El uso del velo o las túnicas que cubren parcial o enteramente el cuerpo de la mujer no debería ser objeto de debate en una sociedad democrática. ¿No existe en ella acaso la libertad? ¿Qué clase de libertad es esa que impediría a una niña o joven vestirse de acuerdo a las prescripciones de su religión o a su capricho? Sin embargo, no es nada seguro que llevar un velo o un burka sea una decisión libremente tomada por la niña, joven o mujer que los usa. Es muy probable que los lleve no por gusto ni acto libre personal sino como símbolo de la condición que la religión islámica impone a la mujer, es decir, de absoluta servidumbre a su padre o marido. En estas condiciones, el velo y la túnica dejan de ser sólo prendas de vestir y se convierten en emblemas de la discriminación que rodea a la mujer todavía en buena parte de las sociedades musulmanas. ¿Debe tolerar un país democrático, en nombre del respeto a las creencias y culturas, que en su seno sigan existiendo instituciones y costumbres (prejuicios y estigmas, más bien) que la democracia abolió hace siglos a costa de grandes luchas y sacrificios? La libertad es tolerante, pero no puede serlo para quienes con su conducta la niegan, hacen escarnio de ella y, a fin de cuentas, quisieran destruirla. En muchos casos, el empleo de símbolos religiosos como el burka y el
hiyab
que llevan las niñas musulmanas a los colegios son meros desafíos a esa libertad de la mujer alcanzada en Occidente, a la que quisieran recortar, obteniendo concesiones y constituyendo enclaves soberanos en el seno de una sociedad abierta. Es decir, detrás del aparentemente benigno atuendo se embosca una ofensiva que pretende obtener un derecho de ciudad para prácticas y comportamientos reñidos con la cultura de la libertad.
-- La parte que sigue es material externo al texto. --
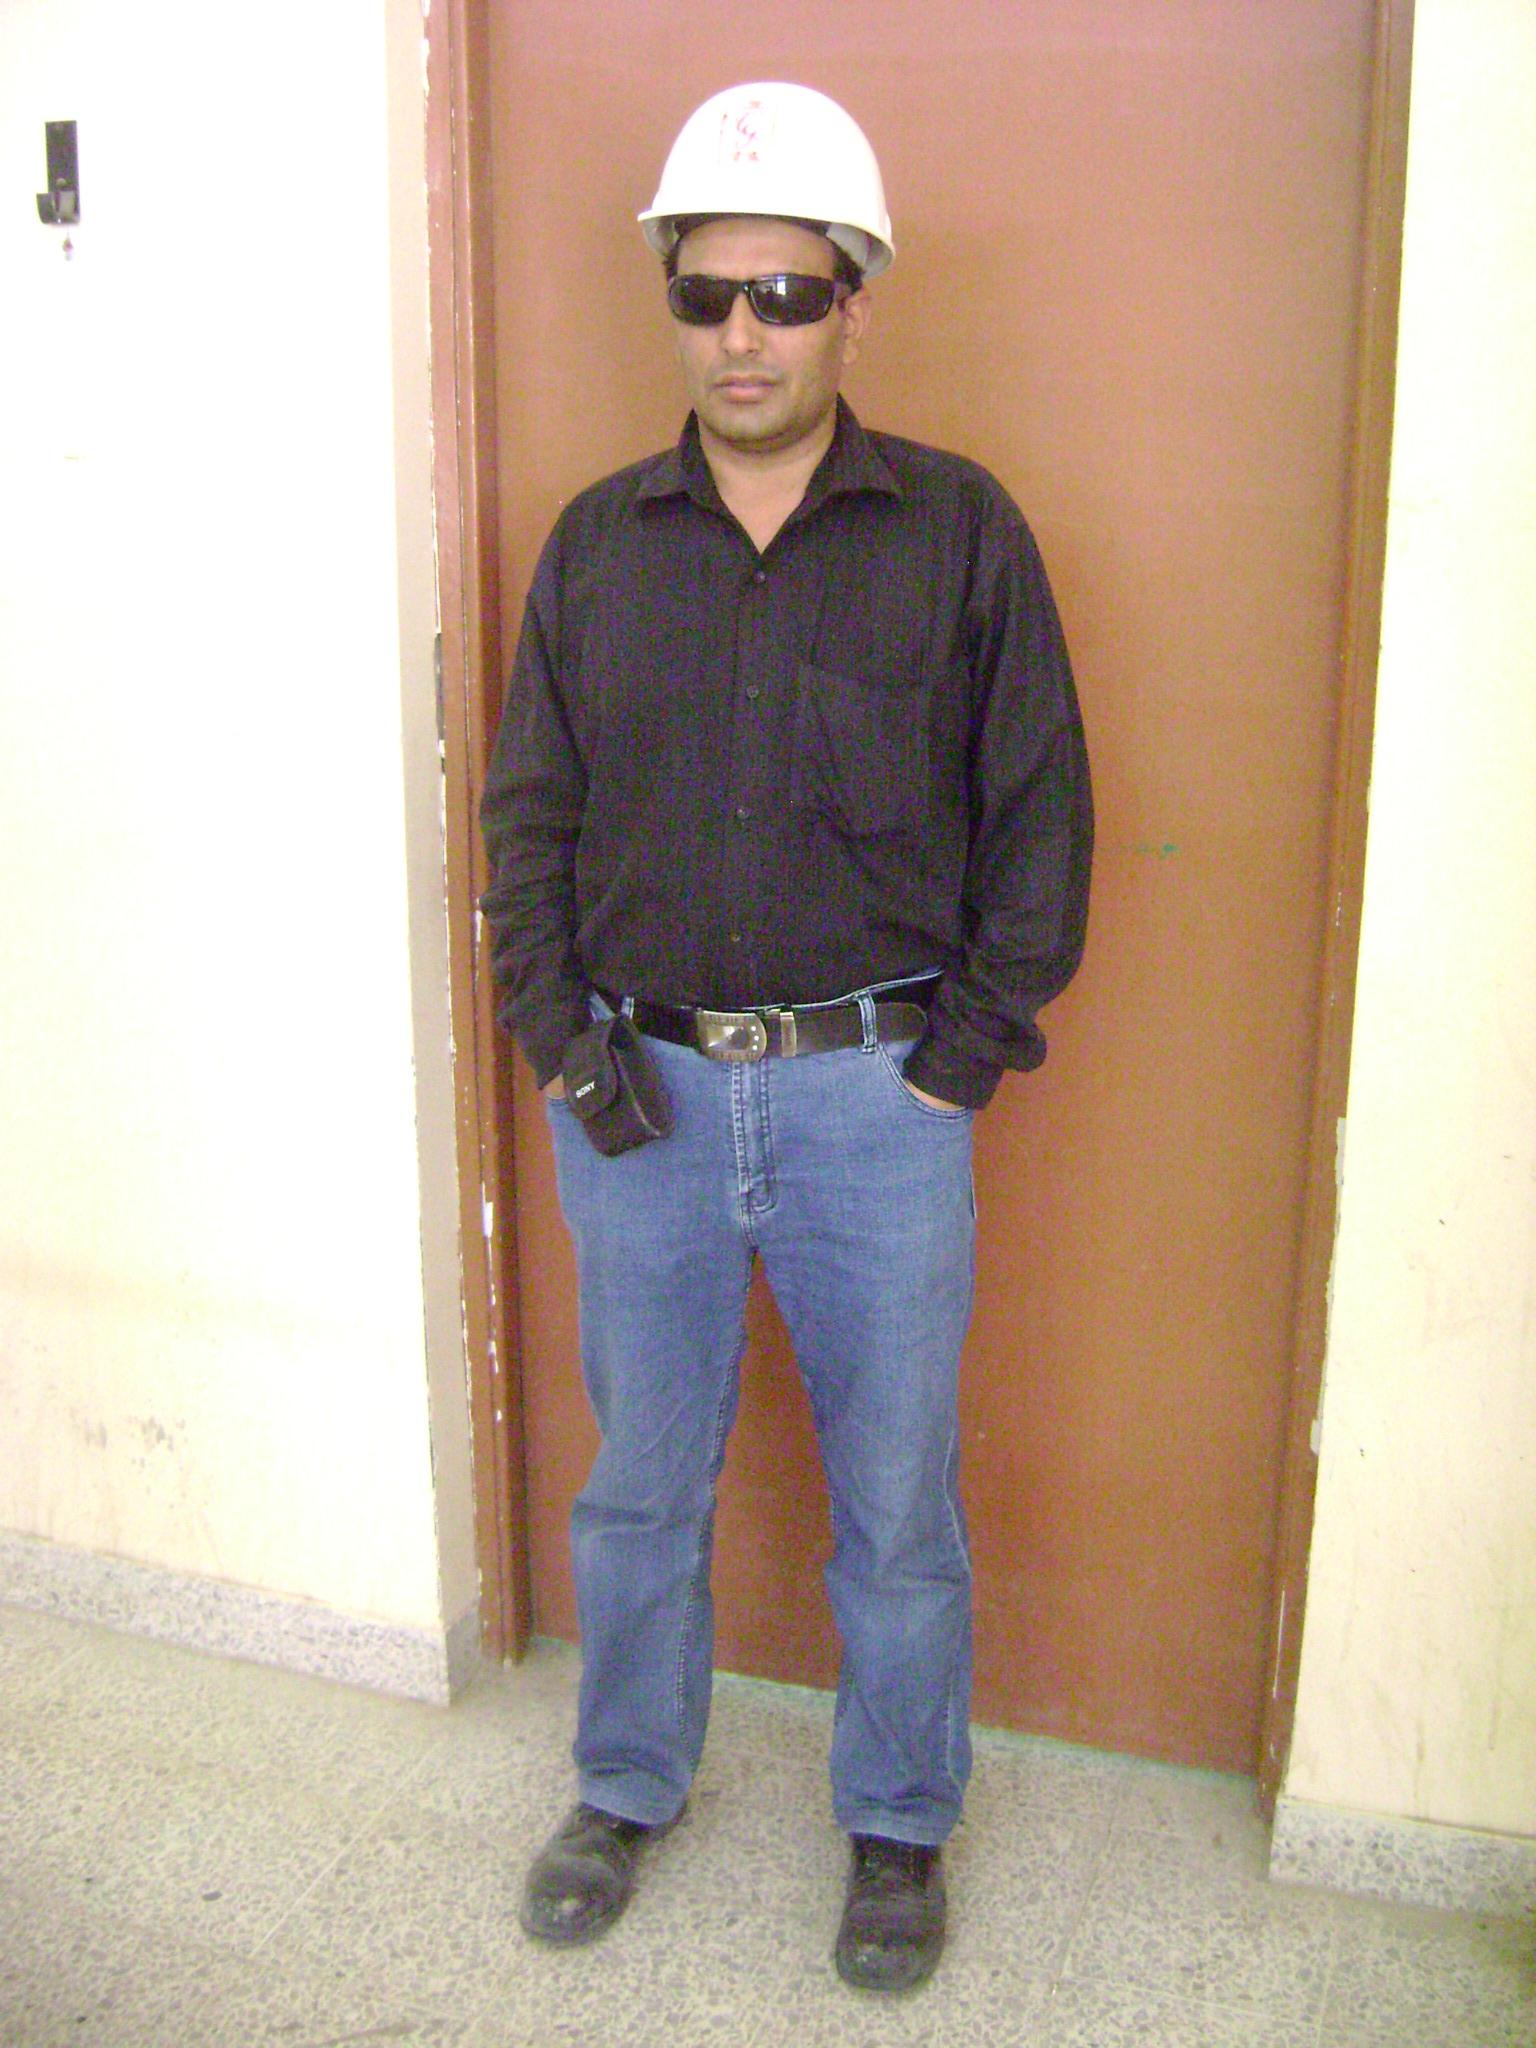 shahid farooq sabir

La inmigración es indispensable para los países desarrollados que quieren seguirlo siendo y, también por esa razón práctica, deben favorecerla y acoger a trabajadores de lenguas y creencias distintas. Desde luego que un gobierno democrático debe facilitar a esas familias inmigrantes la preservación de su religión y sus costumbres. Pero, a condición que ellas no vulneren los principios y las leyes del Estado de derecho. Éste no admite la discriminación ni el sometimiento de la mujer a una servidumbre que hace tabla rasa de sus derechos humanos. Una familia musulmana en una sociedad democrática tiene la misma obligación que las familias oriundas a ajustar su conducta a las leyes vigentes aun cuando éstas contradigan costumbres y comportamientos inveterados de sus lugares de origen.
Ése es el contexto en el que hay que situar siempre el debate sobre el velo, el burka y el
hiyab.
Así se entendería mejor la decisión de Francia —justa y democrática en mi opinión— de prohibir de manera categórica el uso del velo o cualquier otra forma de uniforme religioso para las niñas en las escuelas públicas.
Piedra de Toque
Nadie dio mucha importancia en Alemania a aquella pareja de discípulos del humanista Rudolf Steiner, que, desde una aldea perdida de Baviera, interpuso hace algún tiempo una acción ante el Tribunal Constitucional de la República, en Karlsruhe, alegando que sus tres
pequeños hijos habían quedado «traumatizados» por la imagen del Cristo crucificado que estaban obligados a ver, a diario, ornando las paredes de la escuela pública en la que estudiaban.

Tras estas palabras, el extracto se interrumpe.